Source material START
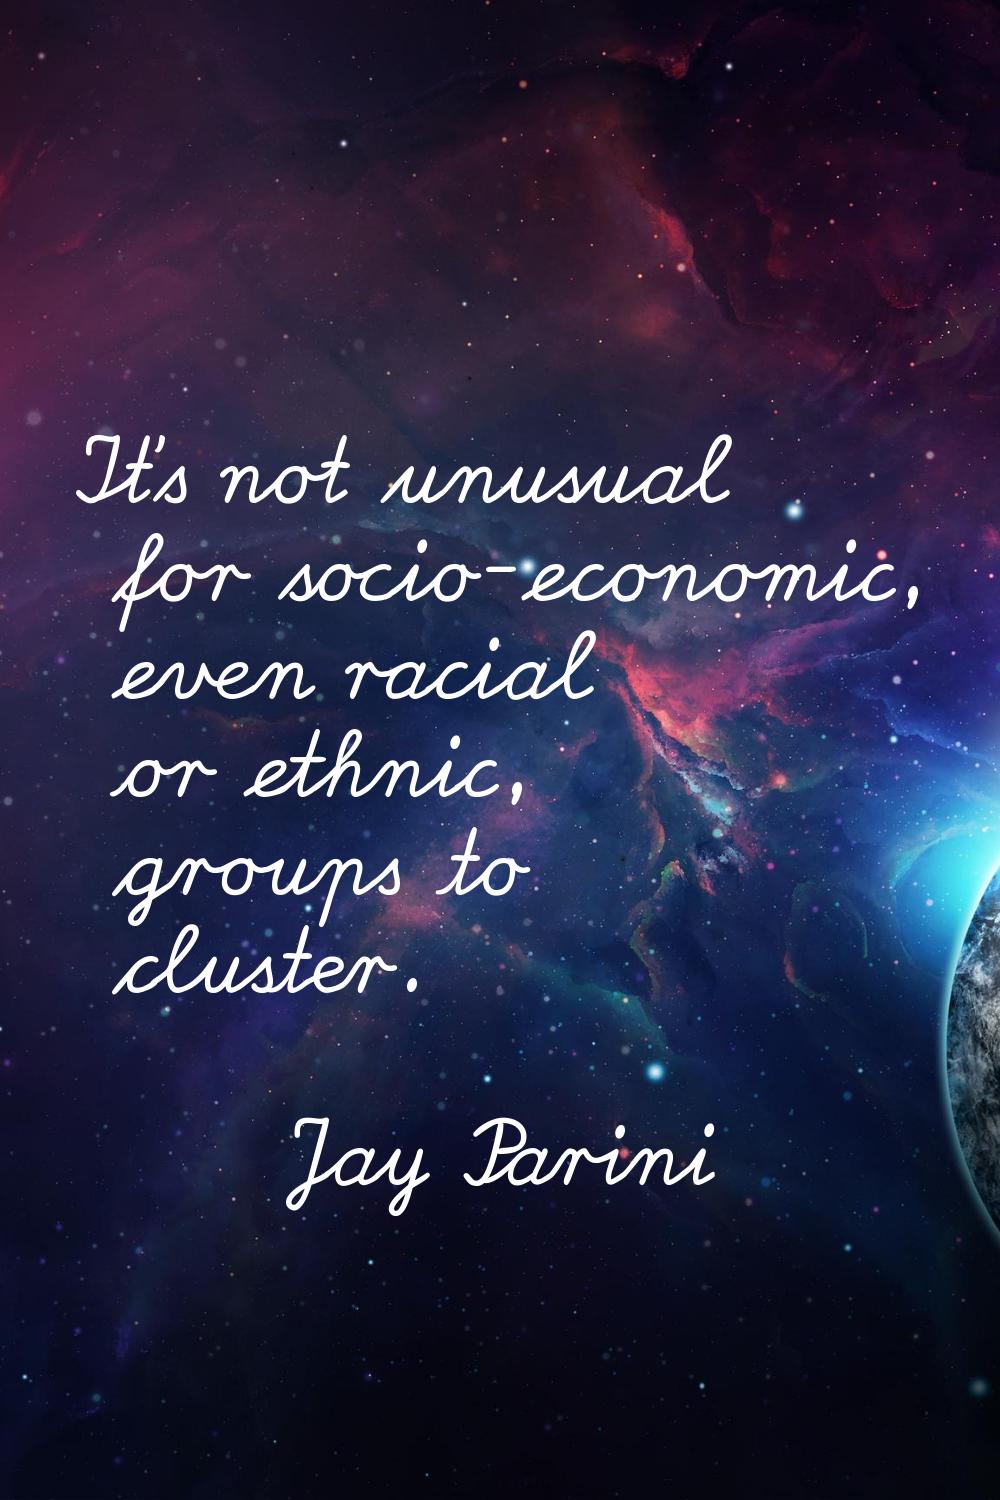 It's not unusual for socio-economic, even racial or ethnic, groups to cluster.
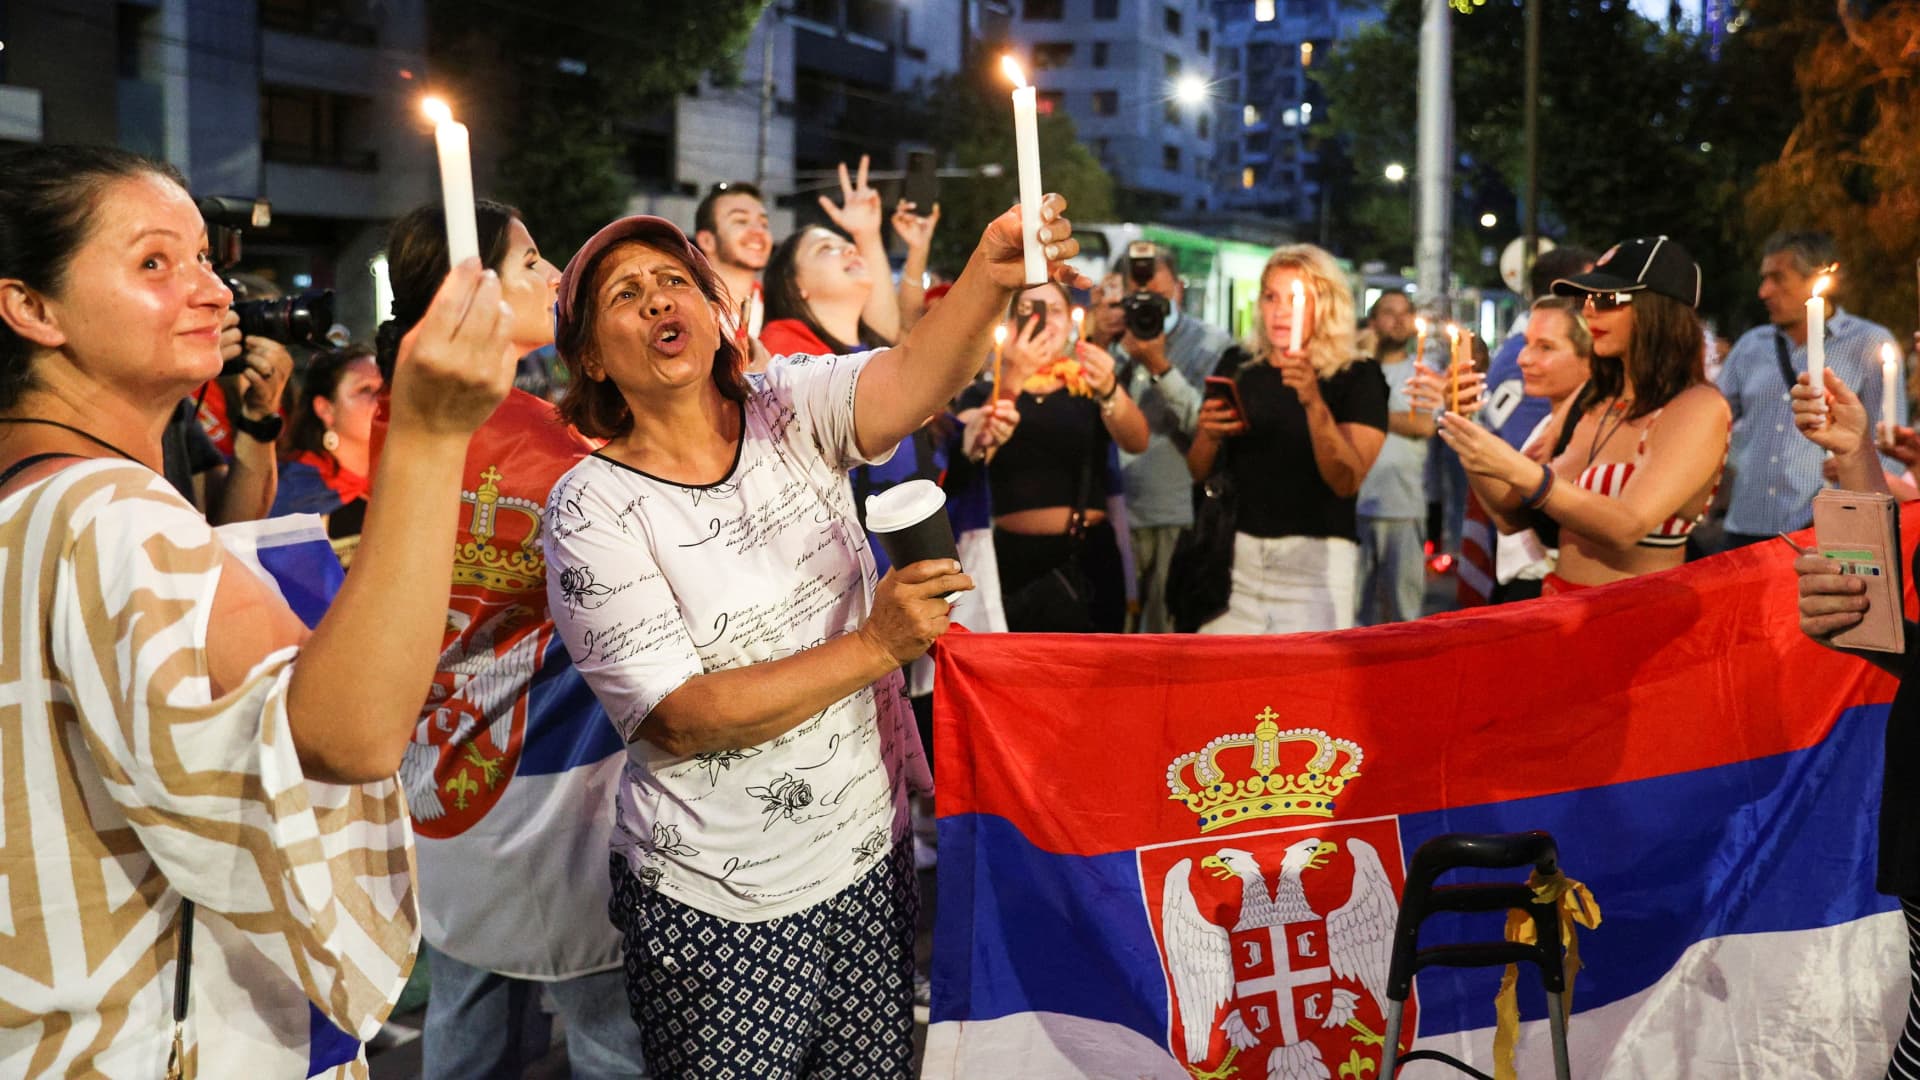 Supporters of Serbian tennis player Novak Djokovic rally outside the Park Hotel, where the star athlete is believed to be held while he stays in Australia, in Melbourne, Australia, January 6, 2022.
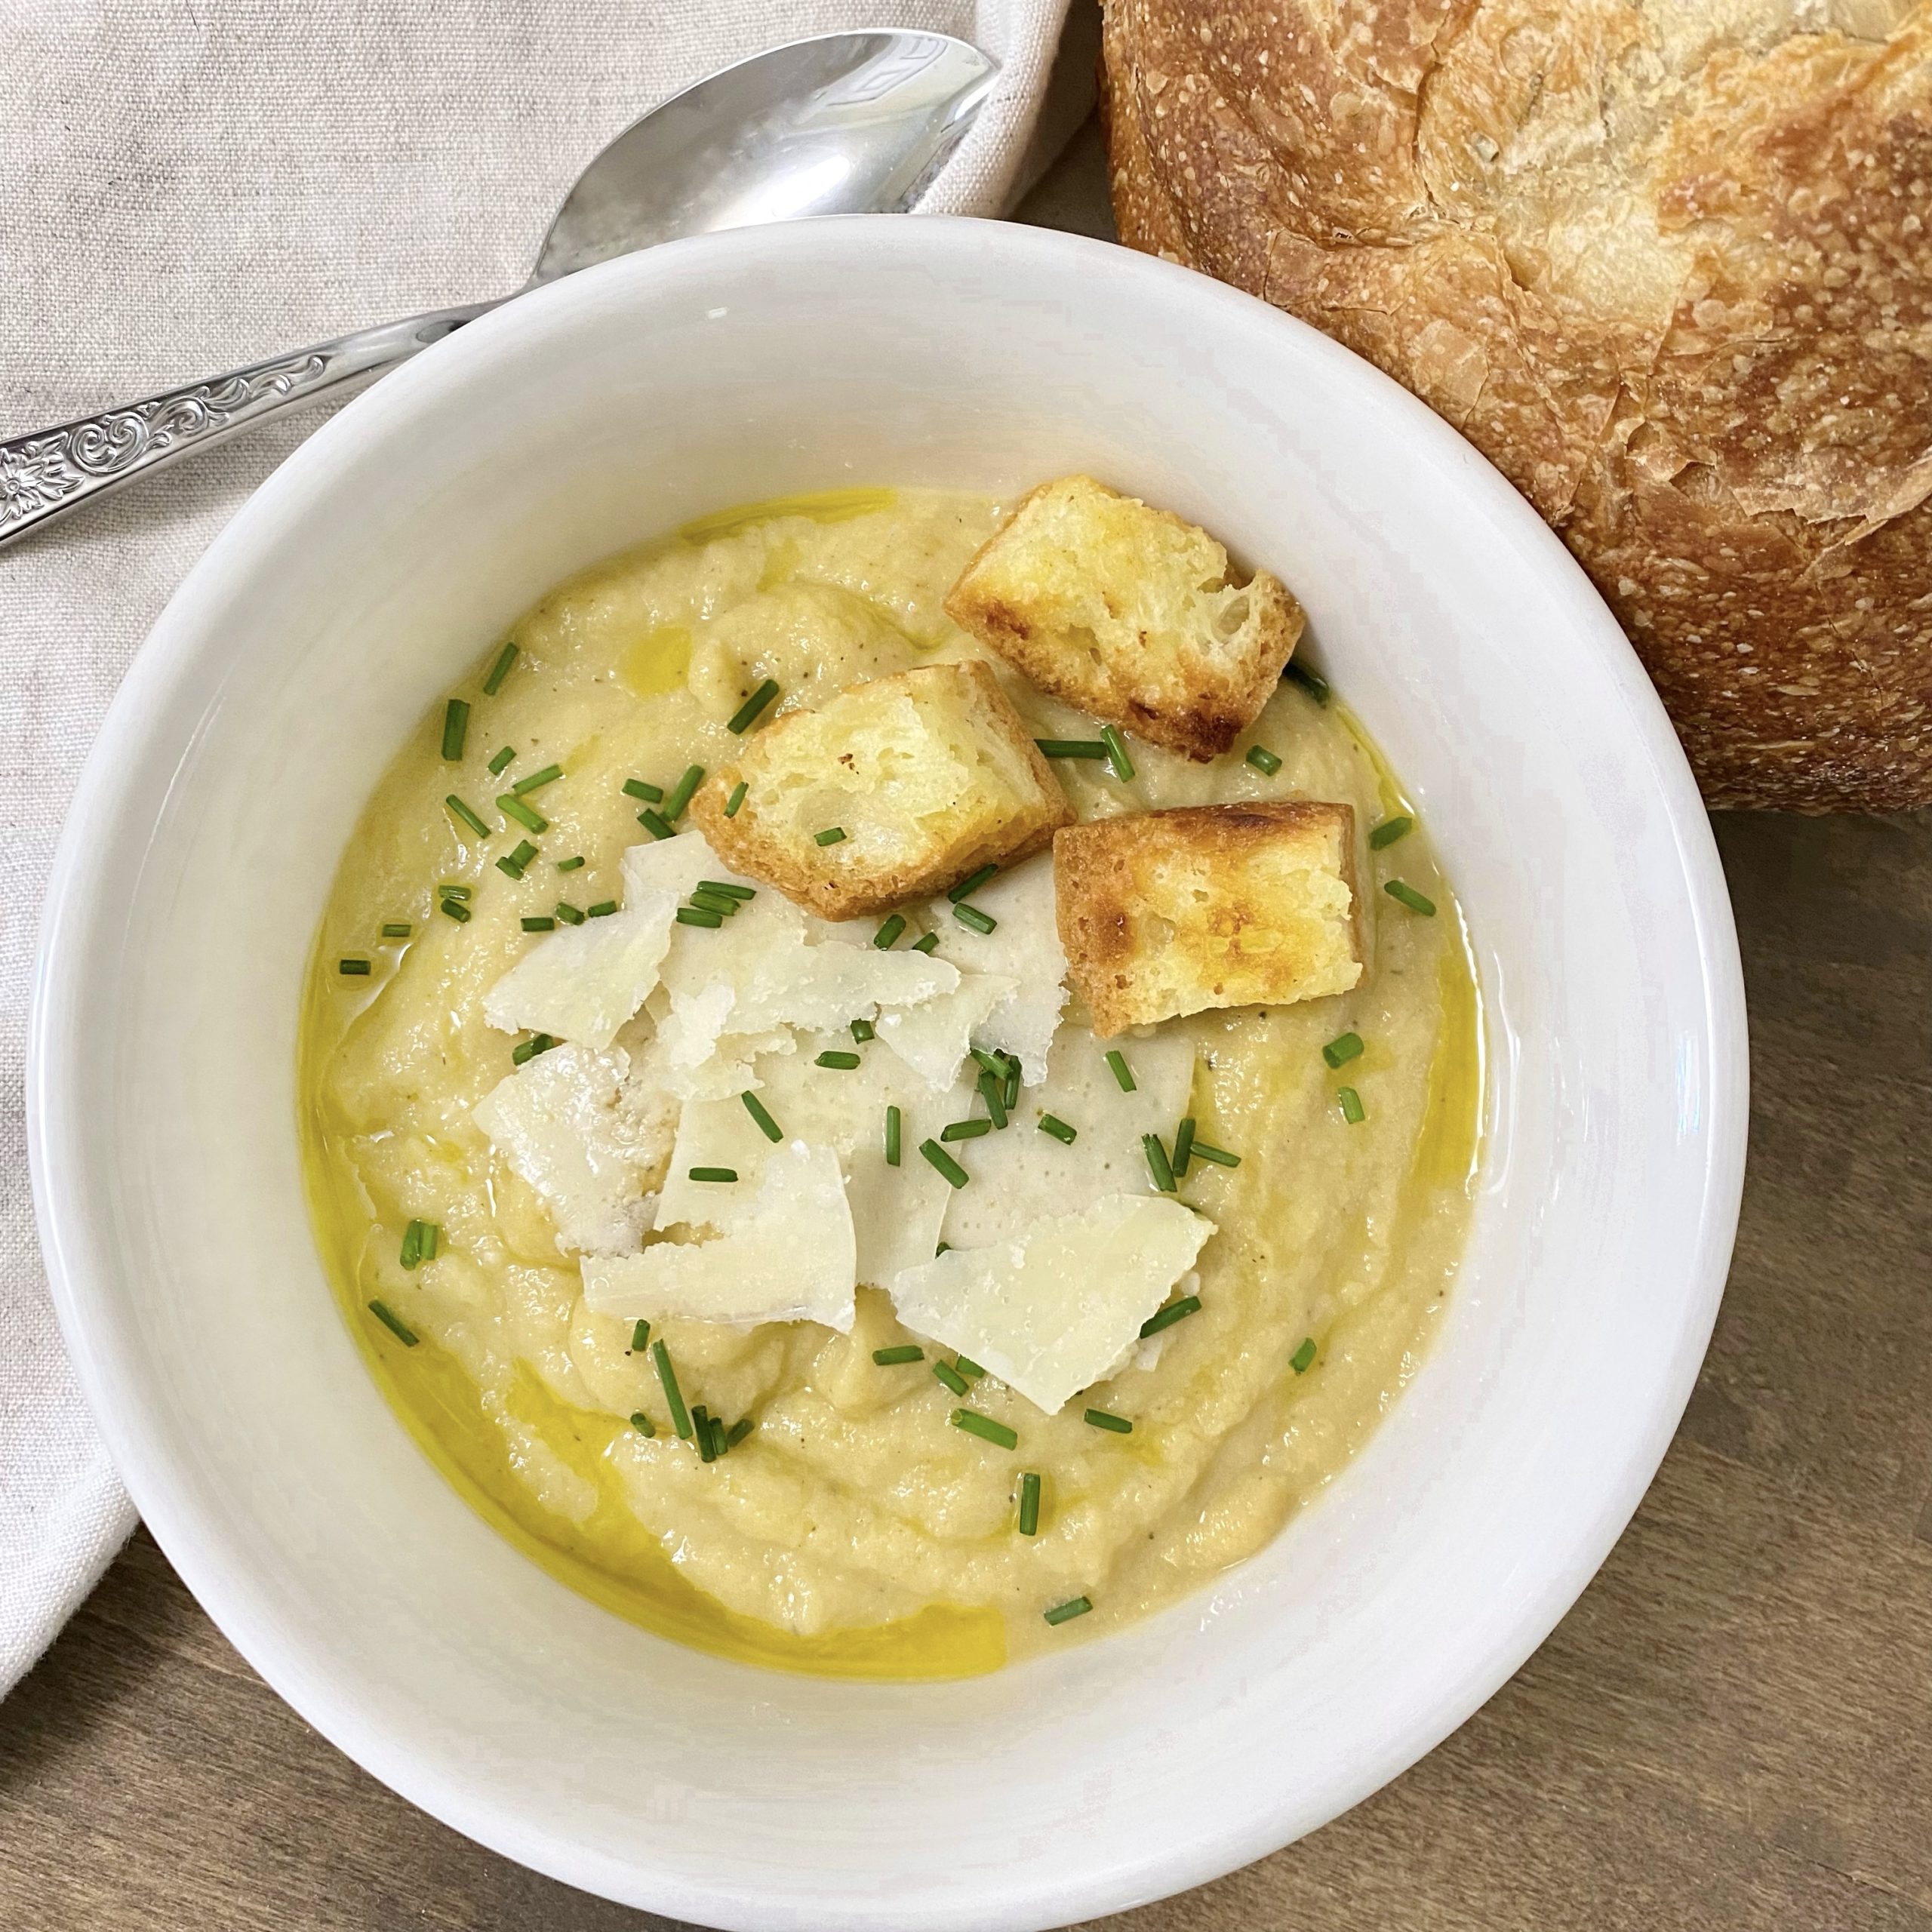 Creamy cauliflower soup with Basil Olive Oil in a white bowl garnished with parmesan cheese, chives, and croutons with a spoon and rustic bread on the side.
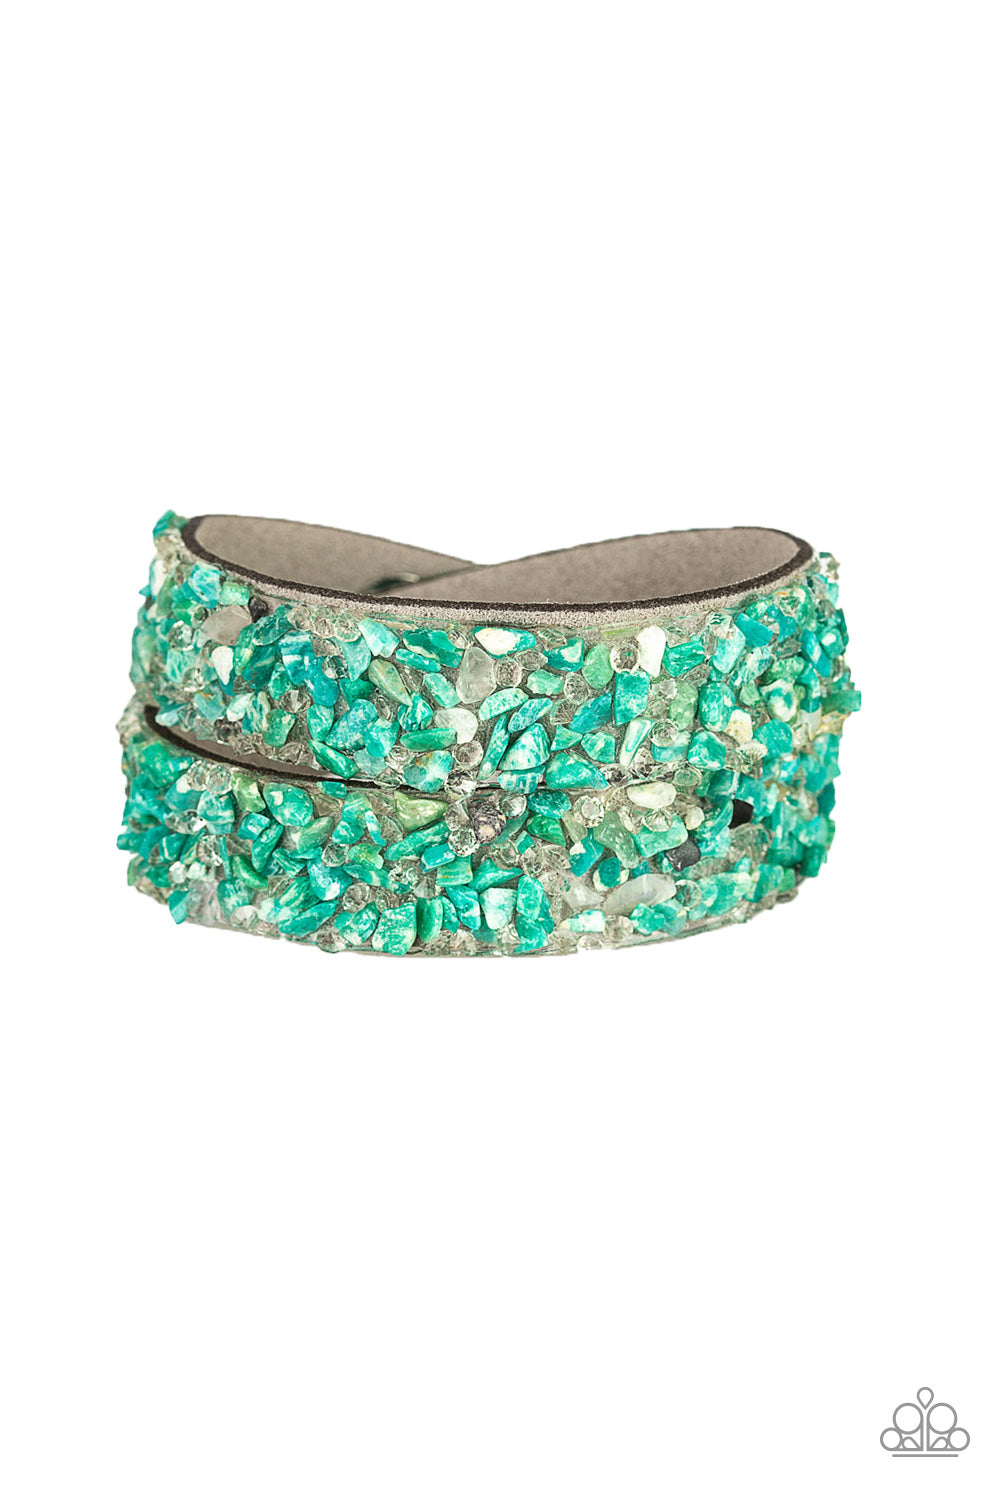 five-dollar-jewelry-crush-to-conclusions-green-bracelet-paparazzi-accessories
Source material END
### Your task
With the pictures omitted, write out exactly the lines from the one that contains "Supporters of Serbian" through the final line of the material above, both ends included.

### Task result
 Supporters of Serbian tennis player Novak Djokovic rally outside the Park Hotel, where the star athlete is believed to be held while he stays in Australia, in Melbourne, Australia, January 6, 2022.
 Creamy cauliflower soup with Basil Olive Oil in a white bowl garnished with parmesan cheese, chives, and croutons with a spoon and rustic bread on the side.
 five-dollar-jewelry-crush-to-conclusions-green-bracelet-paparazzi-accessories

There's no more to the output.